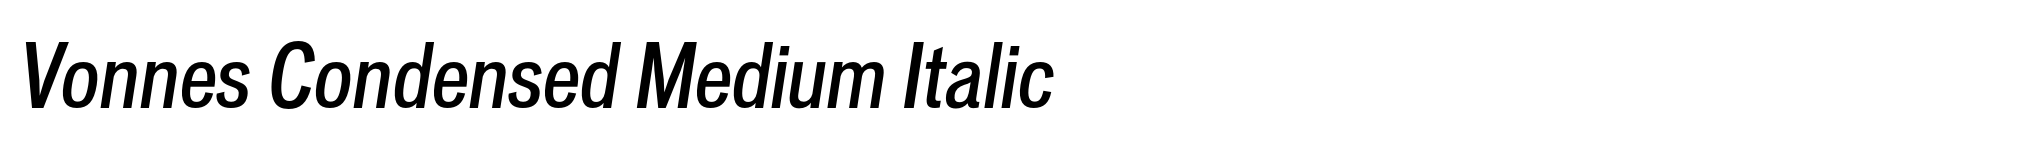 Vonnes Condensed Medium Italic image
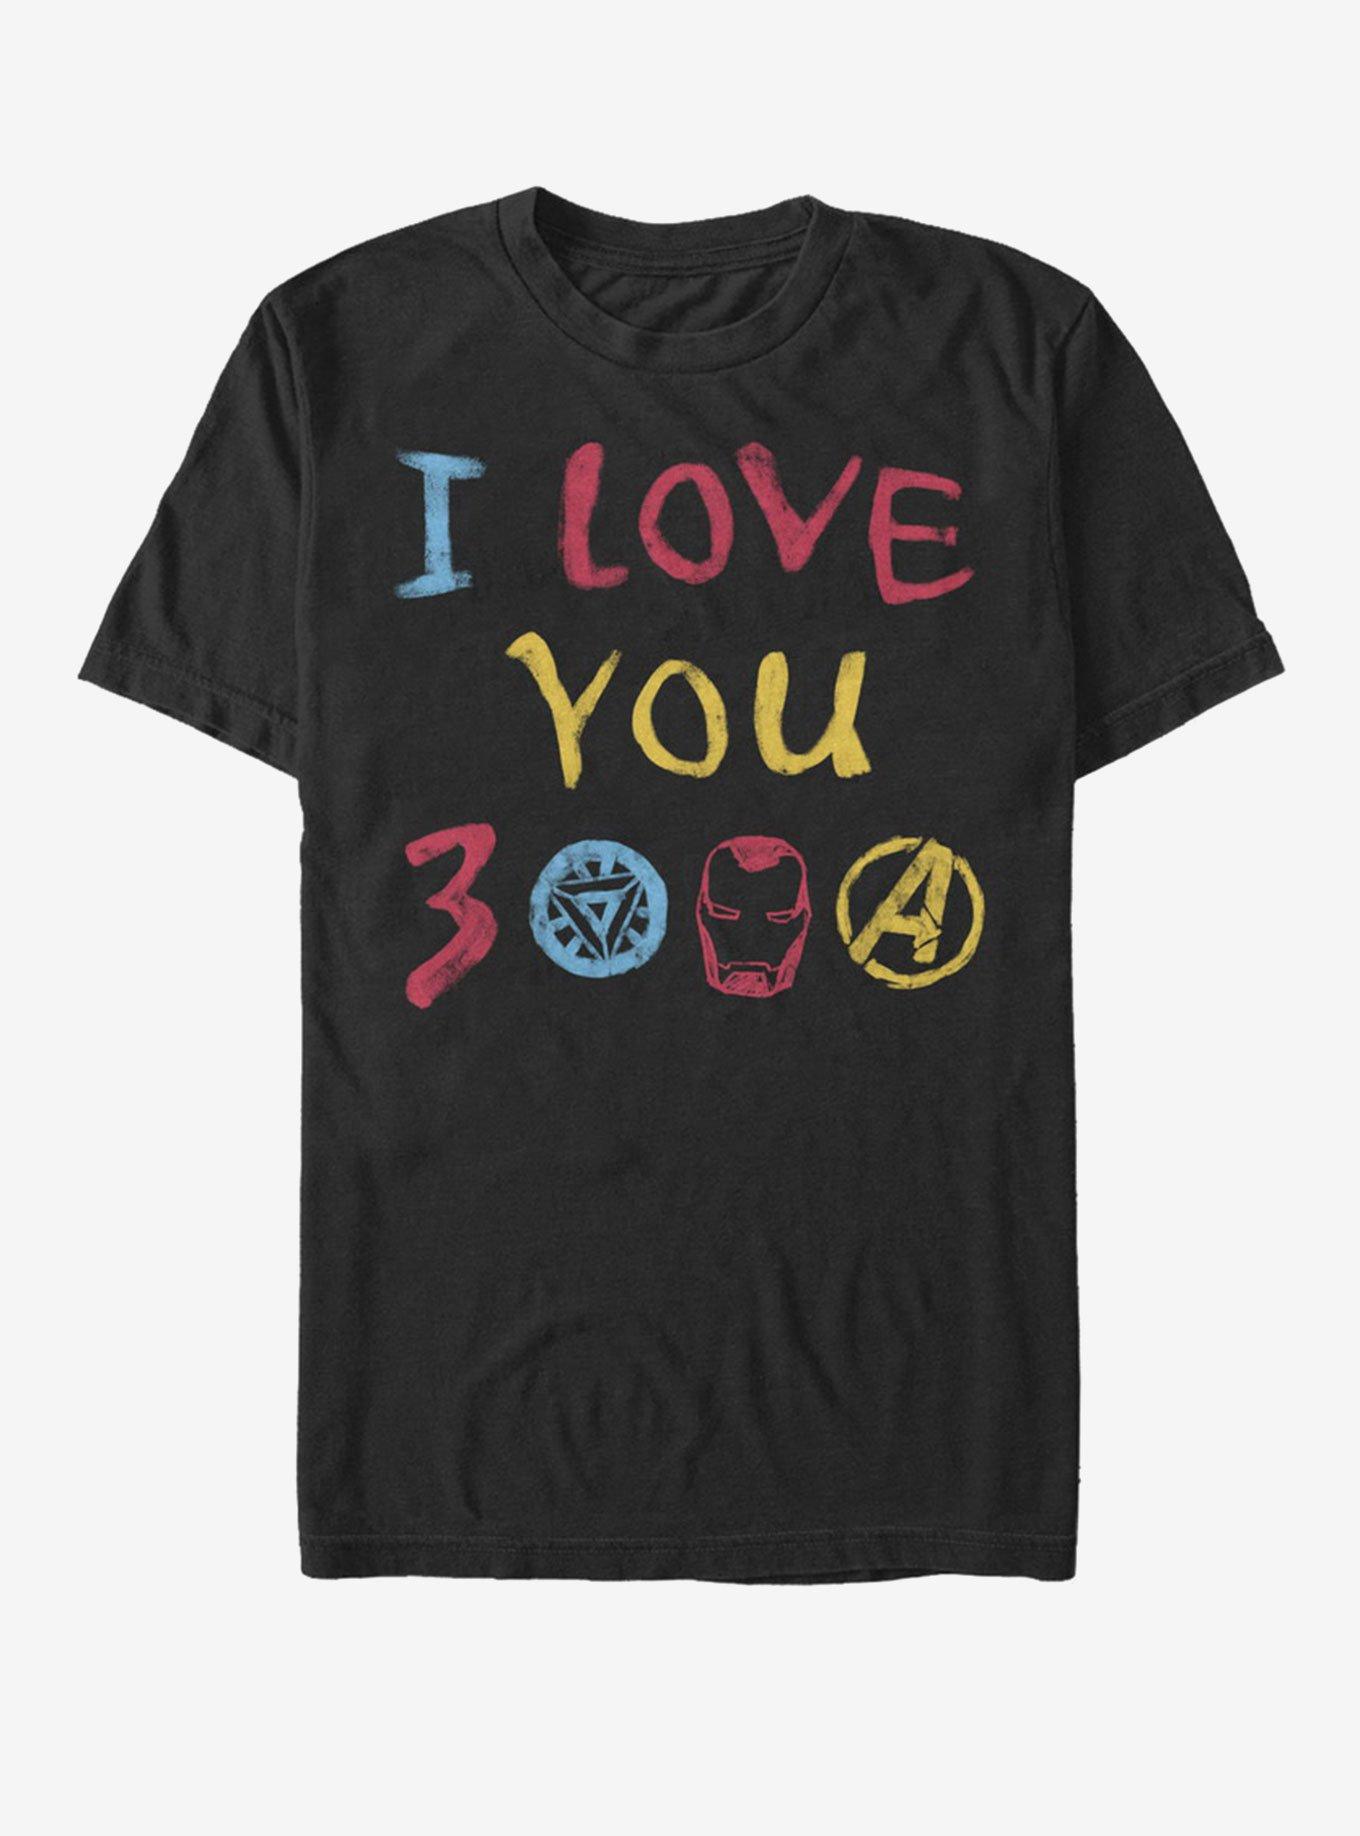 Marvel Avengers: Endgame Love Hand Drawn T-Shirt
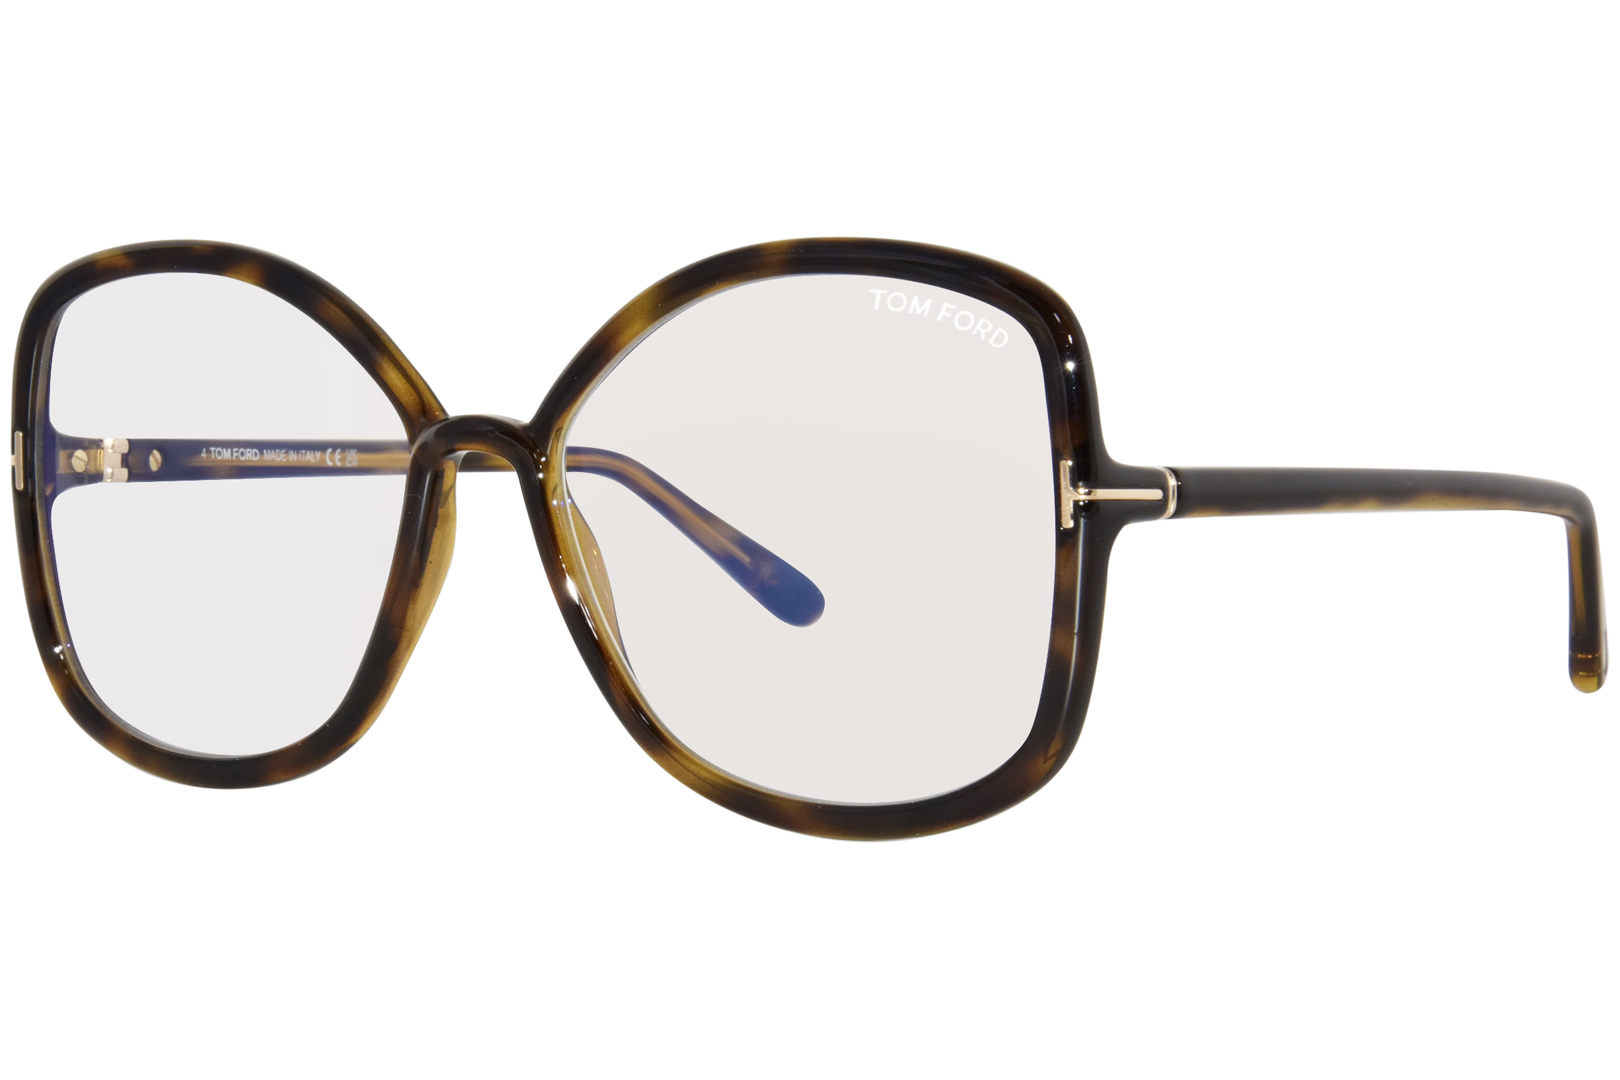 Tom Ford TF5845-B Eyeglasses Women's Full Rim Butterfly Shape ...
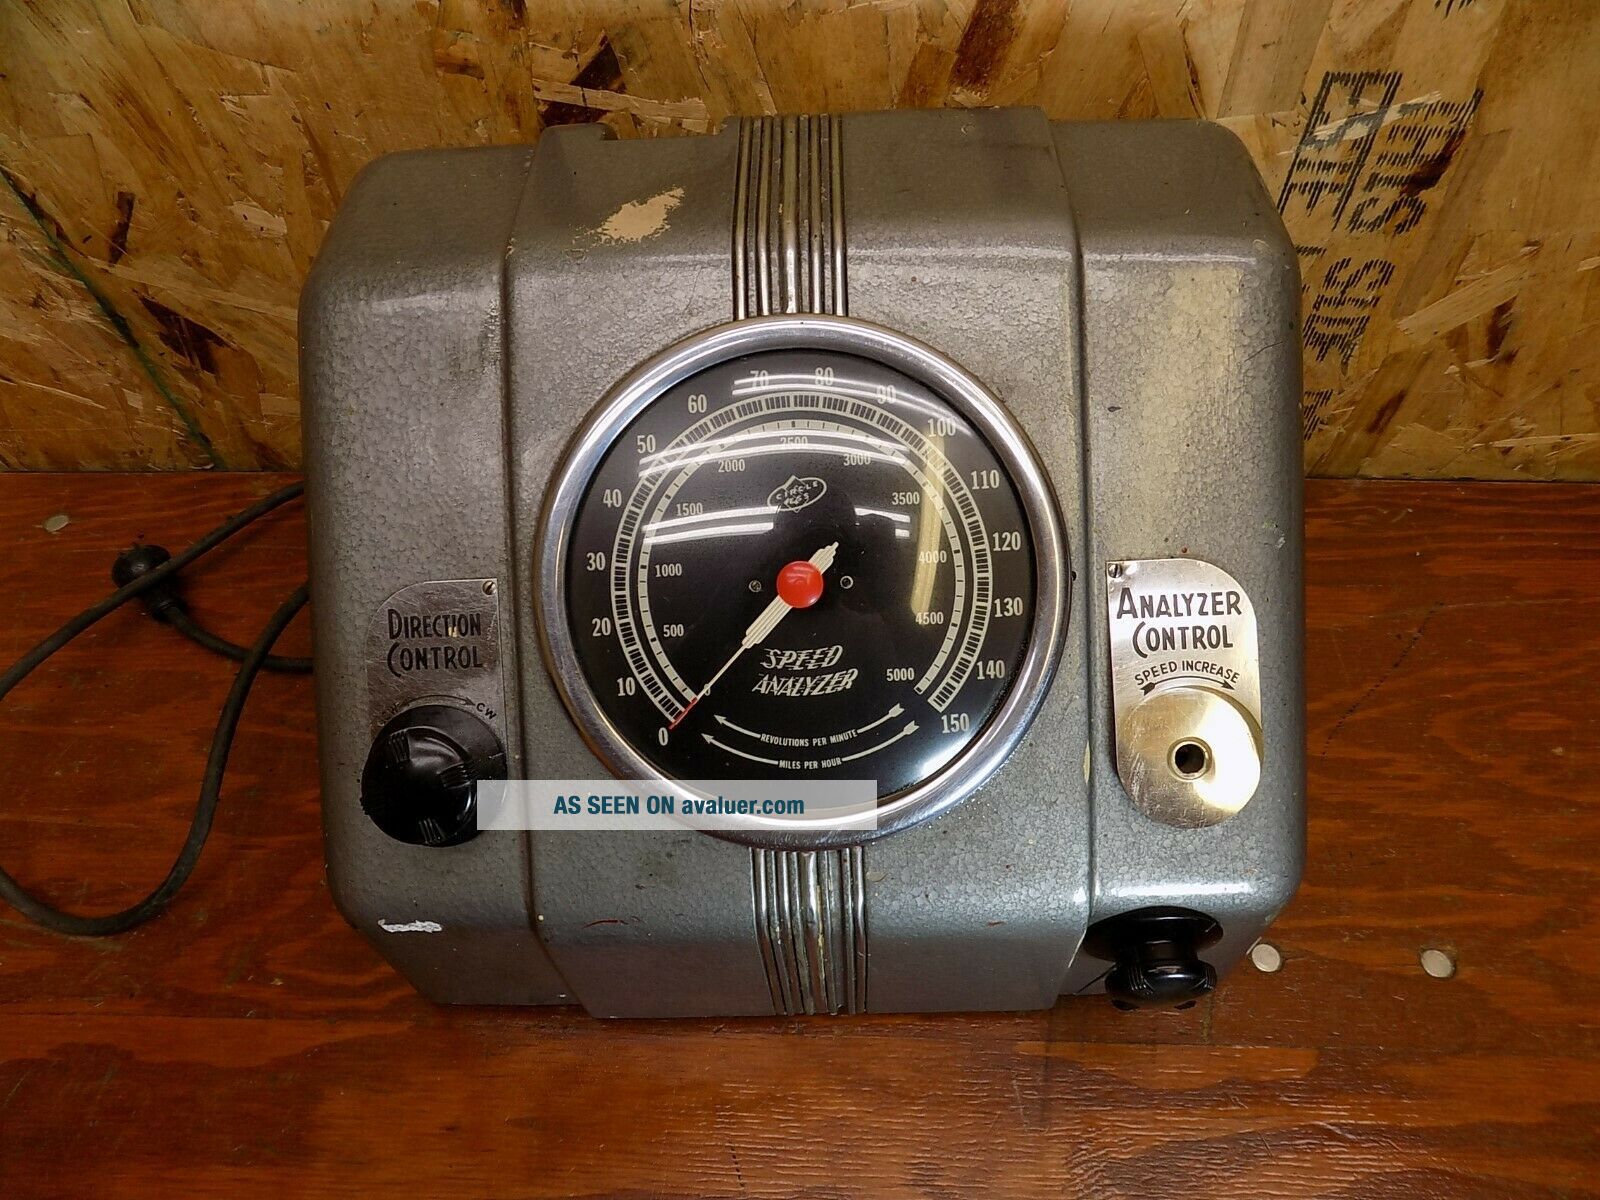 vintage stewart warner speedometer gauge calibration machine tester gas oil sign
◆ ◆ ◆ ◆
What you should do |
Exactly the lines running from the one with "Marvel Avengers: Endgame" through the end of the listing above must be output, both ends included. No pictures belong in the output.

Output below |
 Marvel Avengers: Endgame Love Hand Drawn T-Shirt
 Tom Ford TF5845-B Eyeglasses Women's Full Rim Butterfly Shape ...
 vintage stewart warner speedometer gauge calibration machine tester gas oil sign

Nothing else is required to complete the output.